Recall from your previous math classes

\(y = mx + b\)

where \(m\) is the slope and \(b\) is the y-intercept

e.g. \(y = 2x -1\)

Notice anything different between baby weights plot and this one?

Equations

Math class

\(y = b + mx\)

\(b\) is y-intercept
\(m\) is slope

Stats class

\(\mu_i = \beta_0 +\beta_1x_i + \epsilon_i\)

\(\beta_0\) is y-intercept
\(\beta_1\) is slope
\(\epsilon_i\) is error/residual
\(i = 1, 2, ...n\) identifier for each point

Fitting a Linear Model in R

model_g <- lm(bwt ~ gestation, data = babies)

lm stands for linear model. We are fitting a linear regression model. Note that the variables are entered in y ~ x order.

Fitting a Linear Model in R

broom::tidy(model_g)

# A tibble: 2 × 5
  term        estimate std.error statistic  p.value
  <chr>          <dbl>     <dbl>     <dbl>    <dbl>
1 (Intercept)  -10.1      8.32       -1.21 2.27e- 1
2 gestation      0.464    0.0297     15.6  3.22e-50

\(\hat{\mu_i} = \hat{\beta_0} + \hat{\beta_1} x_i\)

\(\hat {\text{bwt}_i} = \hat{\beta_0} + \hat{\beta_1} \text{ gestation}_i\)

\(\hat {\text{bwt}_i} = -10.1 + 0.464\text{ gestation}_i\)

Expected bwt for a baby with 300 days of gestation

\(\hat {\text{bwt}_i} = -10.1 + 0.464\text{ gestation}_i\)
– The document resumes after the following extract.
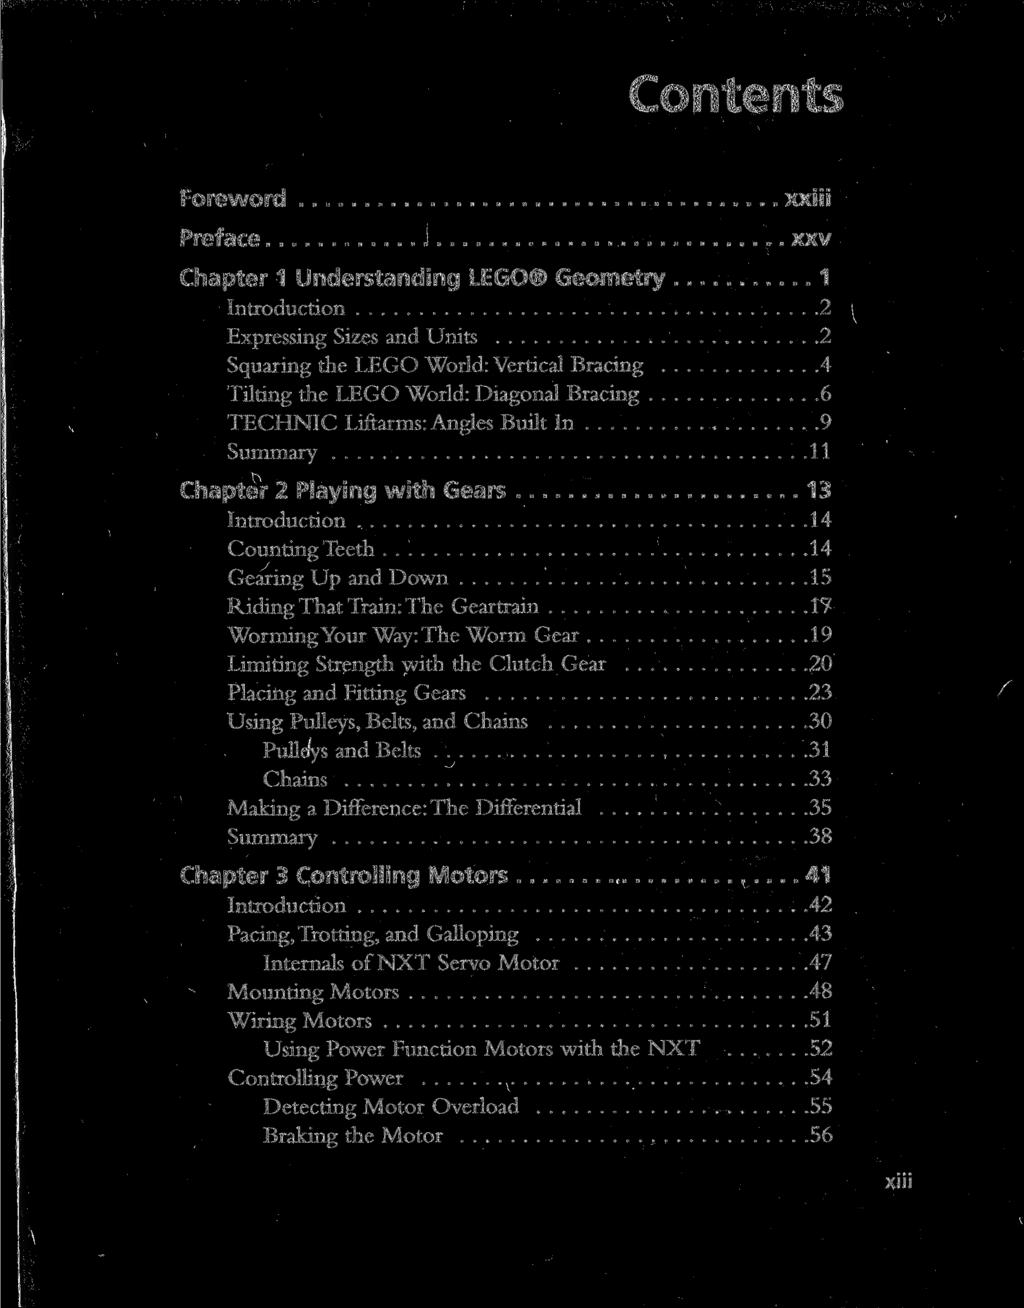 Contents Foreword Preface xxiii xxv Chapter 1 Understanding LEGO Geometry 1 Introduction 2 Expressing Sizes and Units 2 Squaring the LEGO World: Vertical Bracing 4 Tilting the LEGO World: Diagonal

\(\hat {\text{bwt}} = -10.1 + 0.464 \times 300\)

\(\hat {\text{bwt}} = 129.1\)

For a baby with 300 days of gestation the expected birth weight is 129.1 ounces.

Interpretation of estimates

\(\hat{\beta_1} = 0.464\) which means for one unit(day) increase in gestation period the expected increase in birth weight is 0.464 ounces.

\(\hat{\beta_0} = -10.1\) which means for gestation period of 0 days the expected birth weight is -10.1 ounces!!!!!!!! (does NOT make sense)

Extrapolation

There is no such thing as 0 days of gestation.
Birth weight cannot possibly be -10.1 ounces.
Extrapolation happens when we use a model outside the range of the x-values that are observed. After all, we cannot really know how the model behaves (e.g. may be non-linear) outside of the scope of what we have observed.

Baby number 148

babies %>% 
  filter(case == 148) %>% 
  select(bwt, gestation)

# A tibble: 1 × 2
    bwt gestation
  <int>     <int>
1   160       300

Baby #148

Expected

\(\hat \mu_{148} = \hat{\beta_0} + \hat{\beta_1}x_{148}\)

\(\hat \mu_{148} = -10.1 + 0.464\times300\)

\(\hat \mu_{148} = 129.1\)

Observed

\[\mu_{148} = 160 \]

Residual for `i = 148`

\(\mu_{148} = 160\)

\(\hat \mu_{148}\) = 129.1

\(e_{148} = \mu_{148} - \hat \mu_{148}\)

\(e_{148} =\) 30.9

Least Squares Regression

The goal is to minimize

\[e_1^2 + e_2^2 + ... + e_n^2\]

which can be rewritten as

\[\sum_{i = 1}^n e_i^2\]

Inference: Confidence Interval (theoretical)

confint(model_g)

                  2.5 %    97.5 %
(Intercept) -26.3915884 6.2632199
gestation     0.4059083 0.5226169

Note that the 95% confidence interval for the slope does not contain zero and all the values in the interval are positive indicating a significant positive relationship between gestation and birth weight.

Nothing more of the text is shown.